A tour of libertarian intellectual heritage and game-changing political thought from the 17th through mid-19th century, examining the foundations for liberty laid by Hume, Smith, Locke, America’s Founding Fathers, and more. Learn about the impact of radical reformers in the Civil War era, individualist anarchists, and Tocqueville’s views on American democracy. Discuss critics of classical liberal thought like Marx, Engels, and Rousseau. Connect the libertarian intellectual heritage to the emergence of civil rights and other issues relevant for today. This seminar is ideal for IHS summer seminar alumni and students who are familiar with the libertarian conceptual framework.
Revolutionaries, Reformers, and Radicals: Liberty Emerges
The “Revolutionaries, Reformers, & Radicals: Liberty Emerges” seminar is one of the offerings in our "Champions of Liberty" summer seminar series. This seminar focuses on major figures, intellectual currents, historical events, and important critics from the early Enlightenment all the way through the Civil War. The week’s lectures and discussions will also connect the insights of freedom’s earliest defenders with important issues today, such as civil rights, economic freedom, and constitutional design.
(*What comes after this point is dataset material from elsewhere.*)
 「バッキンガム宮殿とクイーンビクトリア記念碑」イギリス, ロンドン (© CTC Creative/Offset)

The multi-disciplinary curriculum will demonstrate the importance of liberty from multiple angles and draws lecturers and students from a variety of disciplines. Ideal candidates will have a mastery of the principles of liberty and curiosity for a deeper and more challenging exploration of the questions, issues, persons, and problems in the rich heritage of liberty.
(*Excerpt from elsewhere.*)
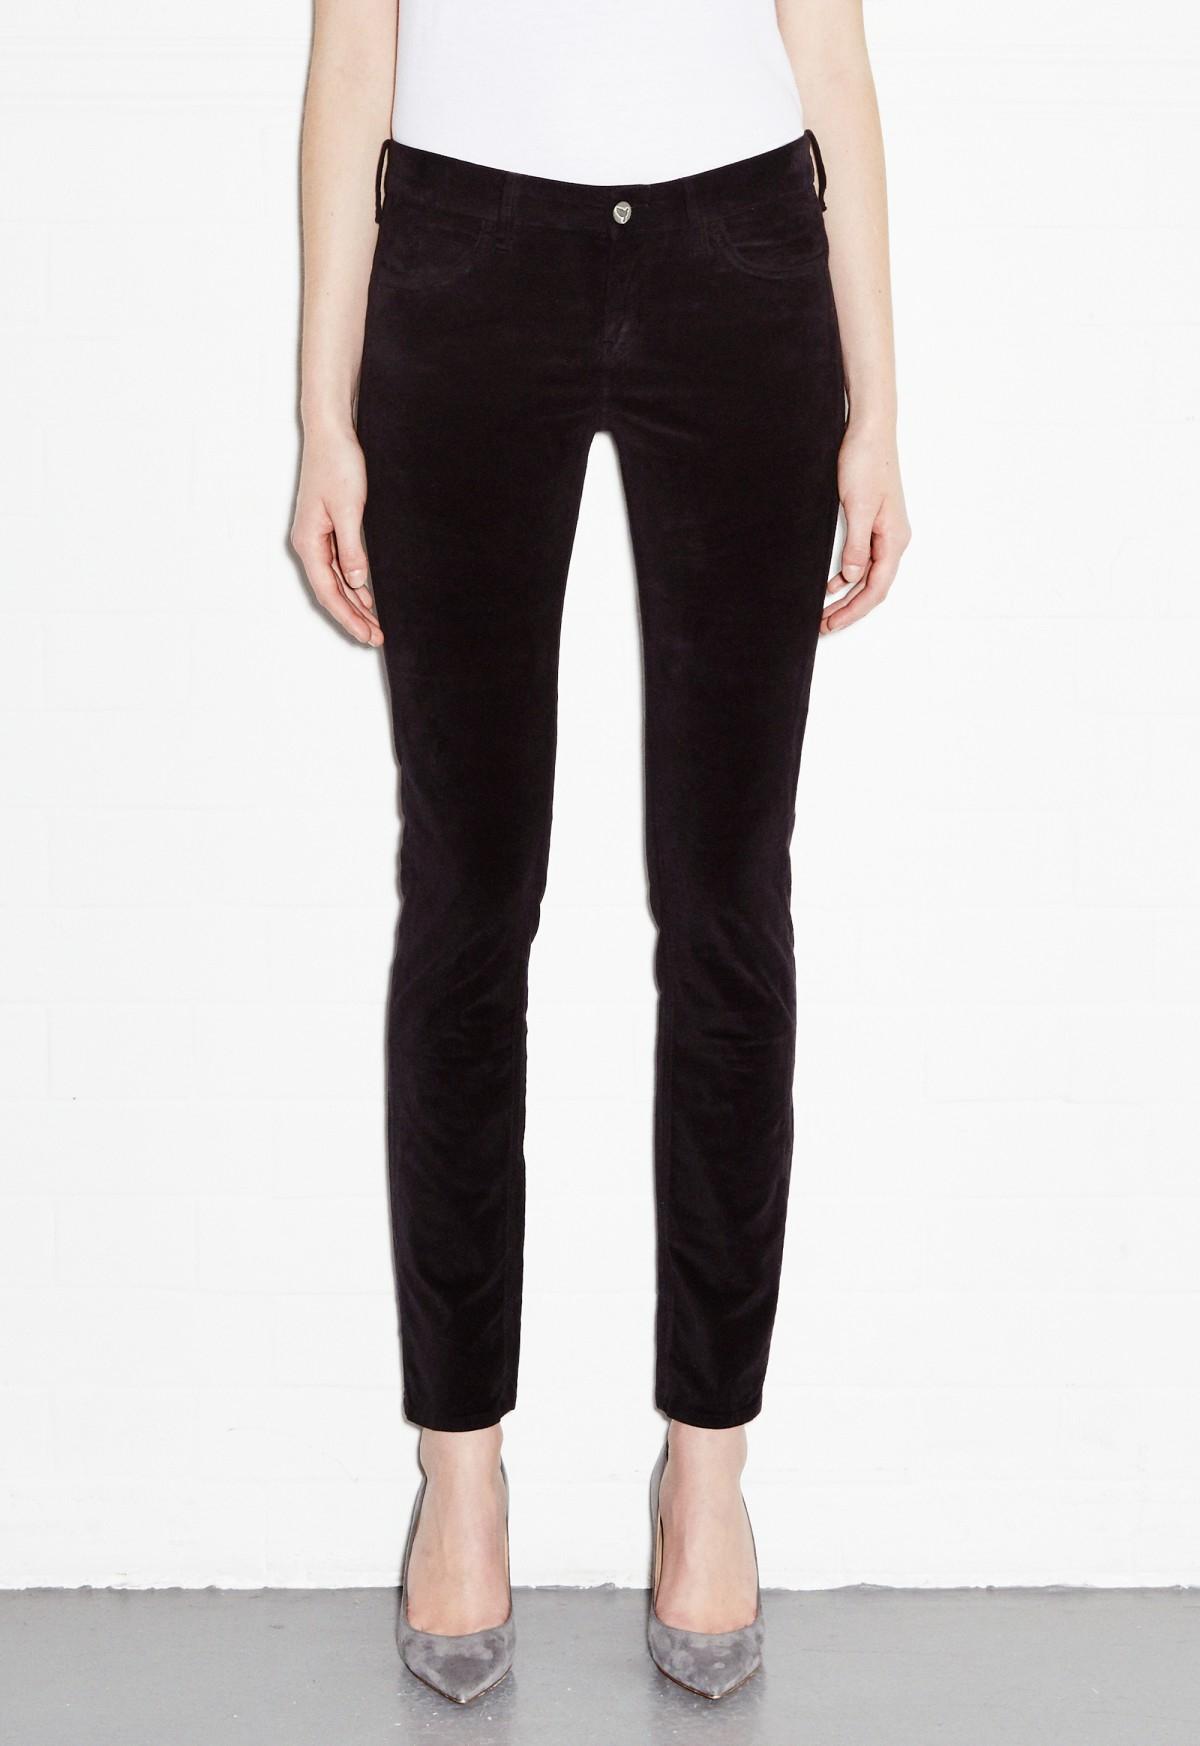 mih jeans bonn jean in black lyst. Black Bedroom Furniture Sets. Home Design Ideas

Participants will develop a nuanced understanding of classical liberalism from philosophical, economic, political, and historical vantage points.
Topic Sampling
- The Economics of David Hume and Adam Smith
- James Madison and the Ideal of Religious Liberty
- The Civil War and the 13th Amendment
- The Spanish Scholastics on Money, Prices, and Freedom
- Rousseau’s Critique of Progress
- Edmund Burke and the Birth of Conservatism
- Lysander Spooner and American Anarchism
- De Tocqueville in America
- Kant and Classical Liberalism
- Marx and Engels on Capitalism
- Francis Hutcheson and the Scottish Enlightenment
Faculty
Lecturers hail from a range of disciplines including economics, history, philosophy, law, and political science. Read about the speakers at this seminar.
Students are responsible for travel costs; IHS covers program costs, books, housing, and meals.